Sequence stratigraphic interpretation

Within the Koca field maximum flooding surfaces 15.9 and 19.4 ma and one candidate sequence boundaries were interpreted (Fig. 9). The X1 reservoir exists within highstand systems tract (HST), and X2 and X2E fall into transgressive systems tract (TST). The HST identified here was deposited as part of regressive shoreline at a time when sediment supply and accommodation space occurred at a faster rate than relative rise in sea level. With the aid of biostratigraphic data and identified maximum flooding surfaces, it was determined that the HST was deposited during the Miocene period. Also, the TST identified by the top bounding surface (MFS) was deposited as part of a transgression movement of the shoreline which could be interpreted as a time when the relative rise in sea level occurred at a faster rate than creation of accommodation space and sediment supply. The top shale regionally forms the top seal for the reservoir, and the intra-reservoir shales act as baffles. The stacking patterns are generally progradational/aggradational. The correlation of these identified MSFs’ and SB together with the picked flooding surfaces formed the sequence stratigraphic framework (Fig. 9).

Correlation

The field-wide correlation along the strike shows a lateral continuity in facies moving from Koca-04 in the most proximal location progressively down to Koca-02 in the most distal location (Fig. 10).
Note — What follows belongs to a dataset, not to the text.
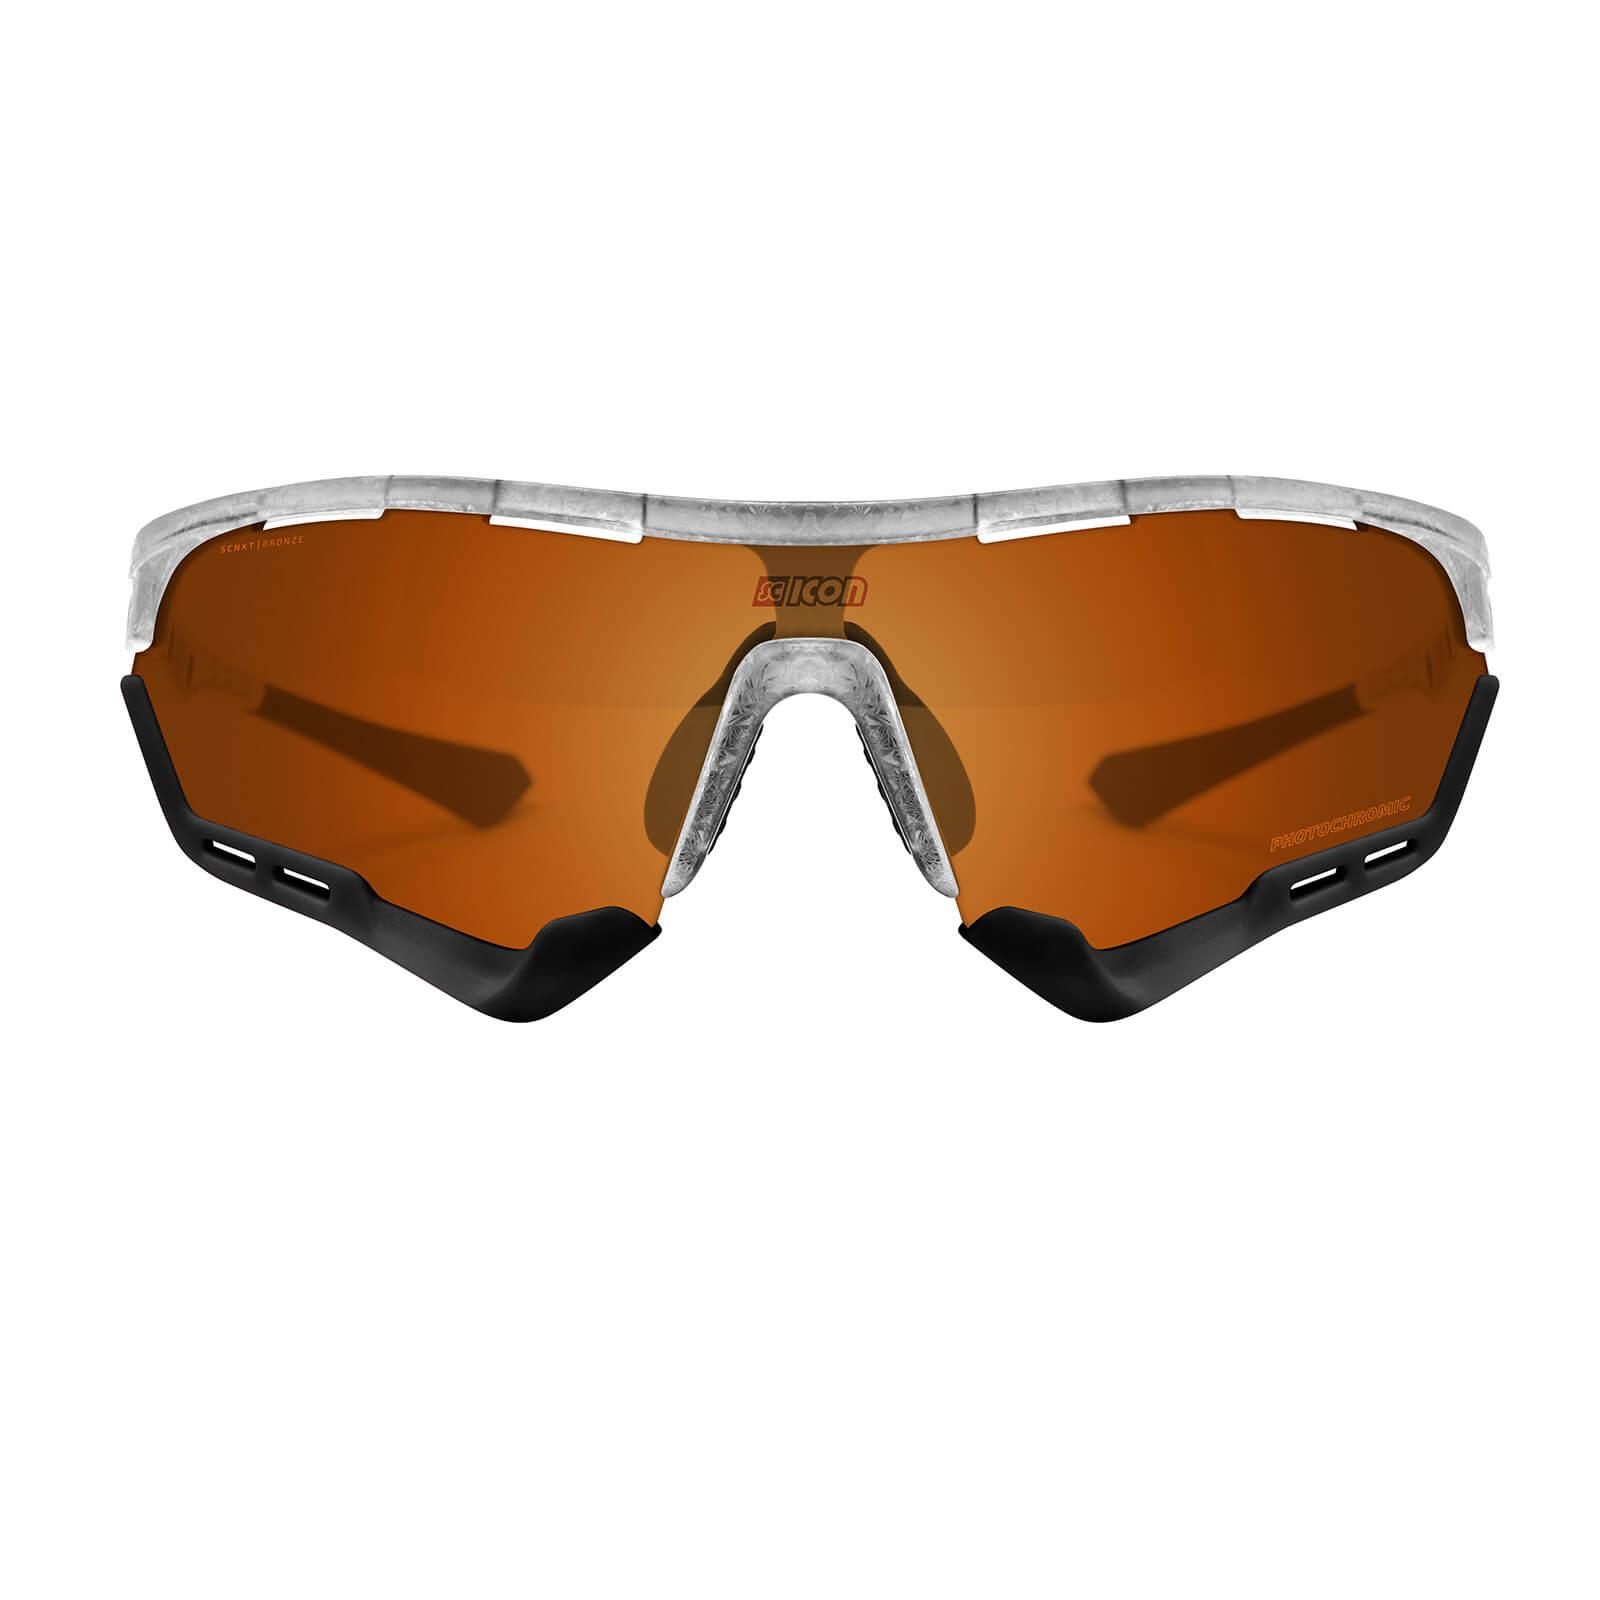 Scicon Aerotech Sunglasses SCN-XT Photochromic Bronze Mirror Lens - Frozen Matt Frame - XL Lens
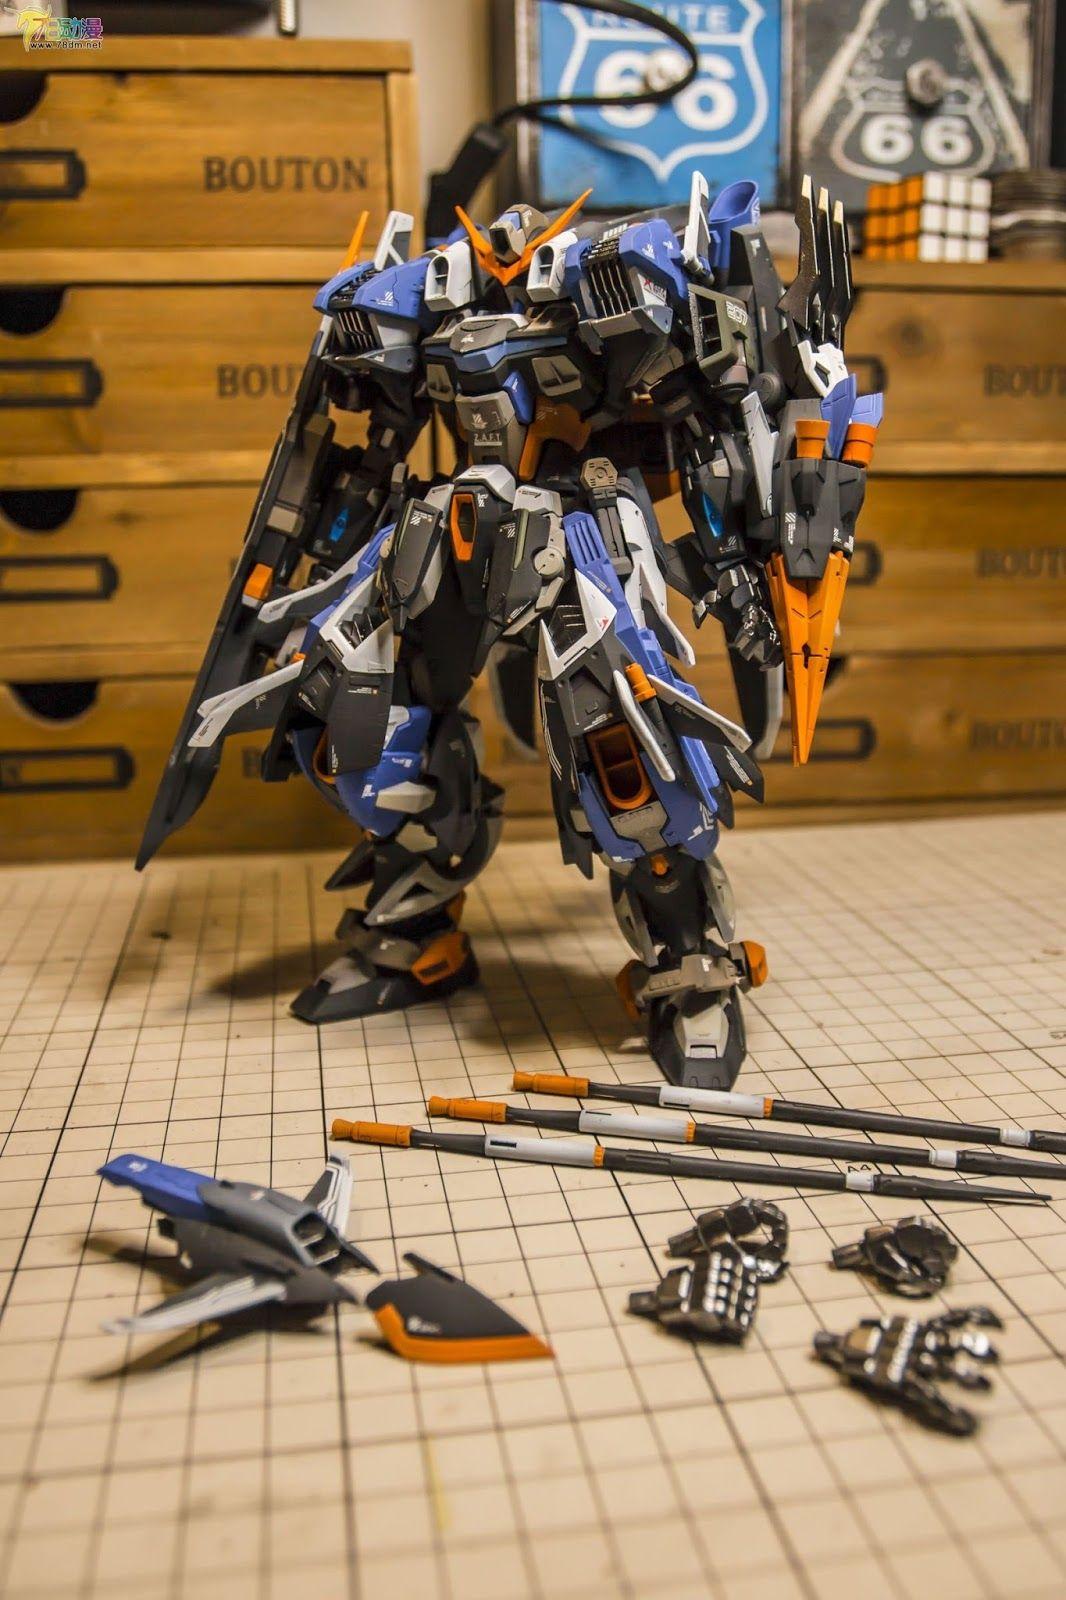 201009y9h7b4ftm9h66x6z.jpg 1,066×1,600ピクセル Gundam toys

Within the targeted reservoirs three different flow units were observed and correlated across wells as shown in Fig. 11. Each flow unit is separated by shale baffles which can cause vertical permeability barrier in that part of the reservoir.

Environment of deposition

The environment of deposition for X1 and X2 reservoirs was interpreted to be a channelized shoreface environment (Fig. 12). This is indicative of a transitional marine setting. Integrating this result with seismic data for Koca field, the identified channels were not resolvable at reservoir scale. However, after carrying out field scale seismic facies analysis (Fig. 13) channel reflection patterns were seen. For the facies model, Object modelling technique was chosen as the preferred method because its best captures the stratigraphic interpretations and geological ideas in the conceptual model.

Discussion of results

The integration of sedimentology and stratigraphy, combined with geostatistical tools, provided a better understanding of geometrical relationships and connectivity potential of the reservoirs within each stratigraphic unit of X1 and X2. Additionally, it was established from this study that reservoir quality (in terms of porosity, permeability and net to gross) of the X1 and X2 reservoirs is significantly affected by stratigraphy at that depth and location. Conclusively from this study, it shows that sequence stratigraphic interpretation provides a 2D stratigraphic framework that will better predict and distribute gross reservoir volumes. The 2D stratigraphic framework and depositional model built was the key input into static modelling workflow.